Post » Czw lut 20, 2014 19:04 Re: wysoka kreatynina :(

Moja kotka miała torbiele na obu nerkach i wykryliśmy to dopiero jak miała prawie 9 lat. Były tak wielkie, że nie było widać nerek.
Wielotorbielowatość nerek jest chorobą genetyczną i niestety nie ma na nią lekarstwa, bo torbiele rosną już od momentu narodzin kota. Można dietą wspomagać pracę nerek, ale tu nie chodzi o dietę niskobiałkową, bo białko jest potrzebne kotu, a raczej o dietę niskofosforową. Dobrej jakości karmy mają mniej fosforu niż te polecane przez wetów.

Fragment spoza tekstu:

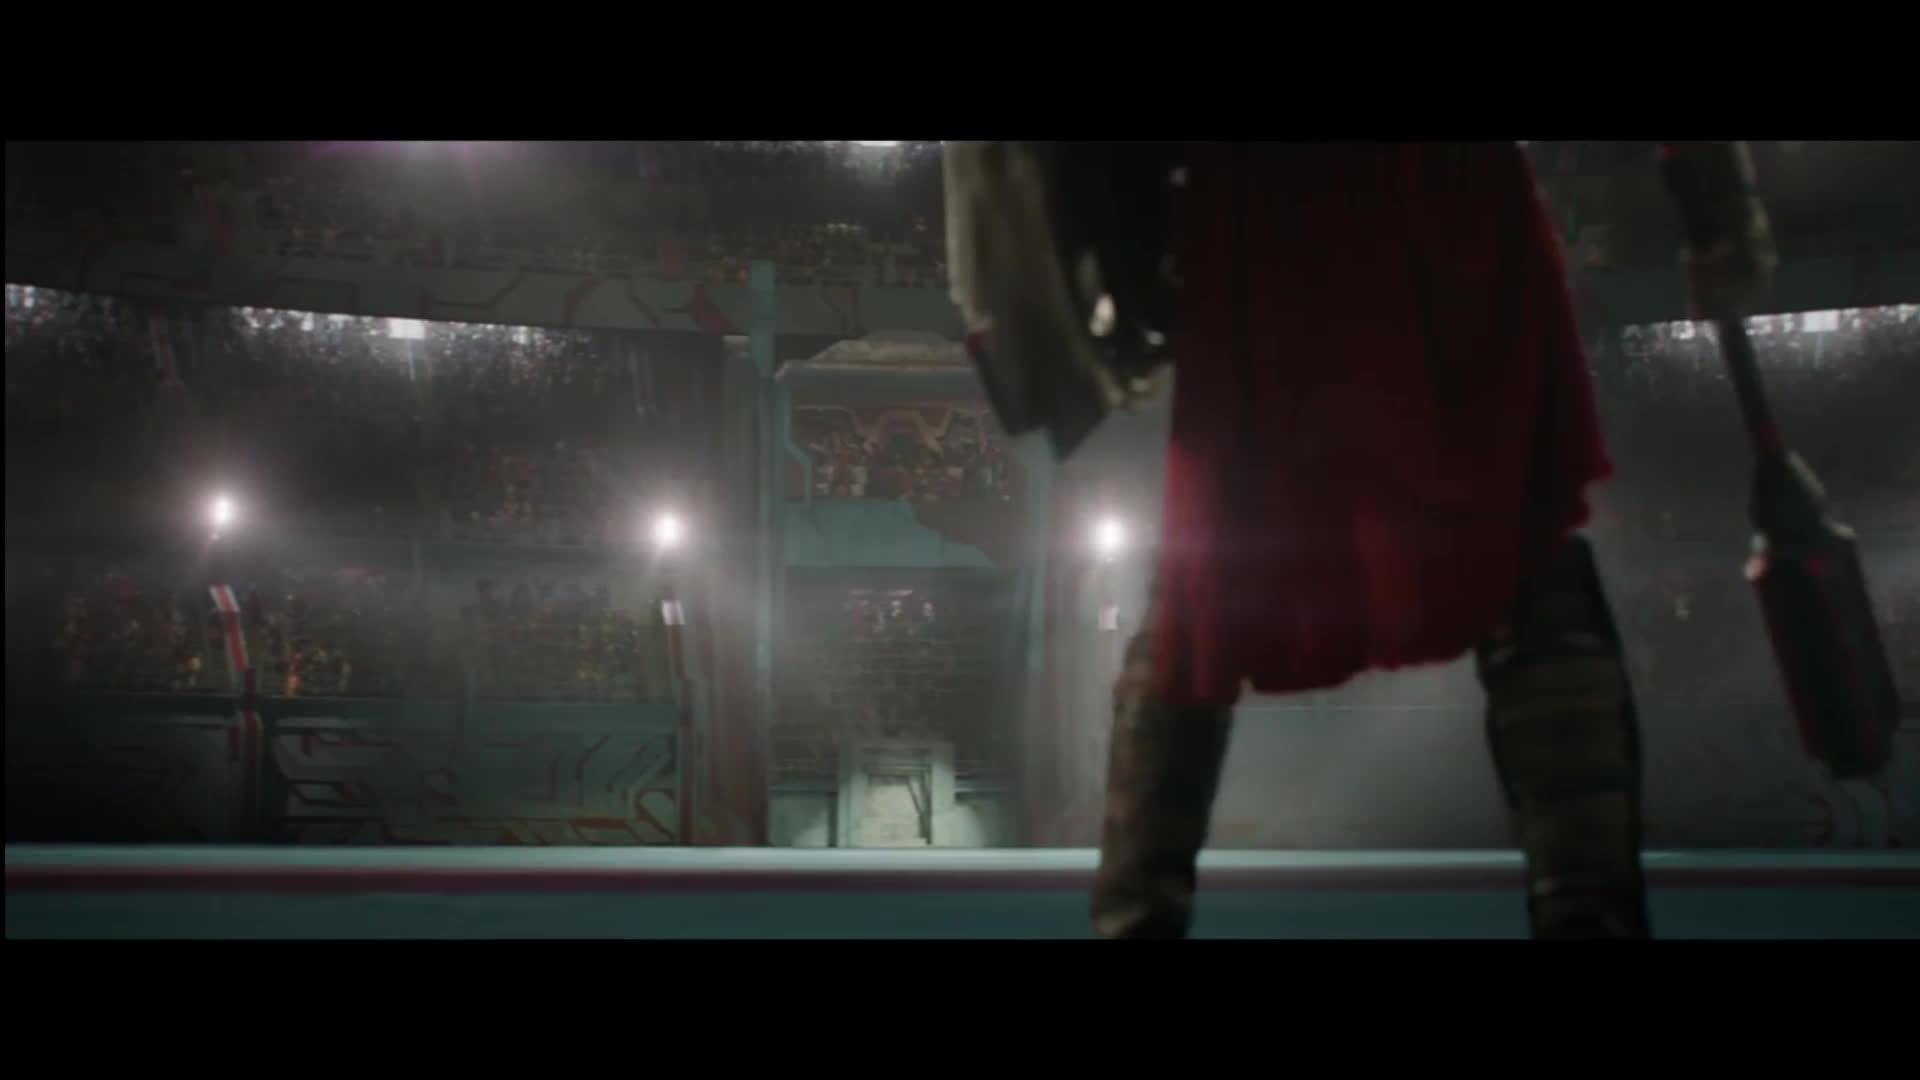 marvelstudios, The Official Thor: Ragnarok Teaser Hype Thread (reddit) GIFs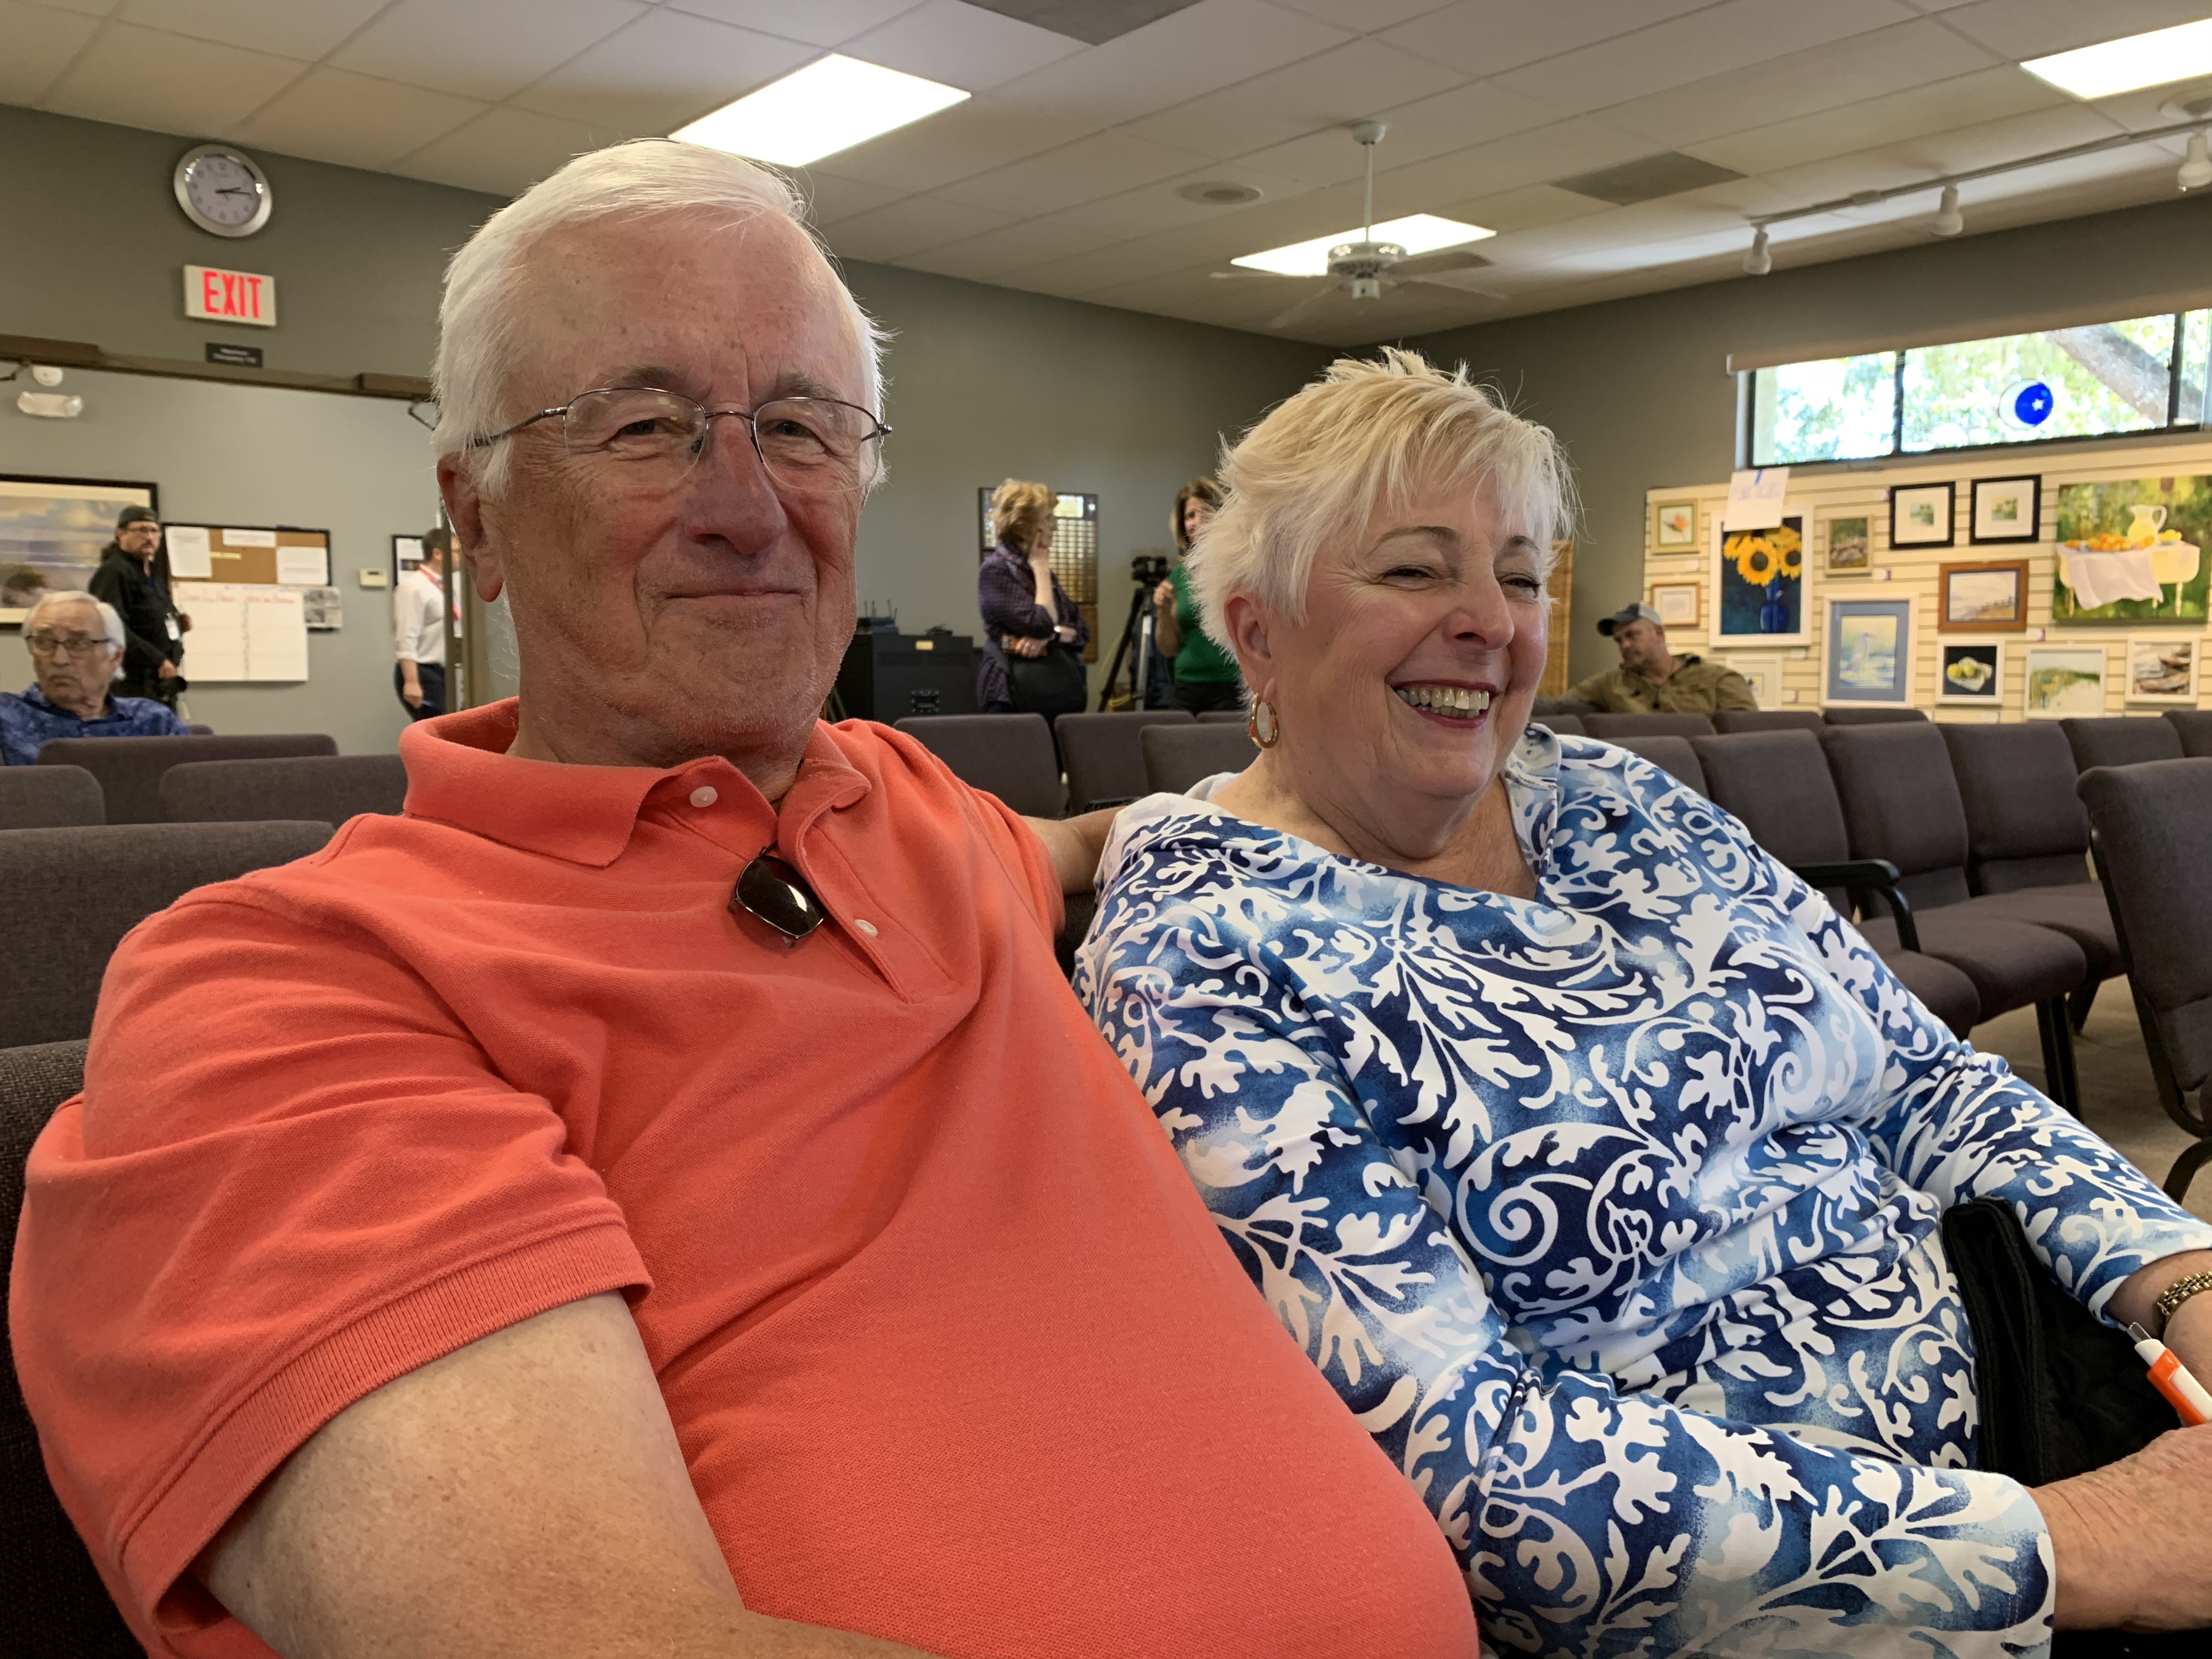 Richard and Linda Yach

Poczytaj wątki dla nerkowców tam jest wiele dobrych porad. Sucha karma niestety zabiera wodę z organizmu, a u kota nerkowego ważna jest jej odpowiednia ilość.

Jeżeli zbierzesz komplet wyników to napisz maila lub umów się na wizytę z dr Neską - to bardzo dobry specjalista od chorób nerkowych, prowadzi nawet bardzo trudne przypadki. Twój kotek jest młody i warto zawalczyć o jego długie i szczęśliwe życie.

Jeżeli torbiel jest tylko jedna to poszukaj artykułów o ostrzykiwaniu torbieli, gdzieś czytałam, że to jakaś nowatorska metoda, wstrzykuje się coś do torbieli i ona wysycha. Kotek ma ich ilość zakodowaną genetycznie.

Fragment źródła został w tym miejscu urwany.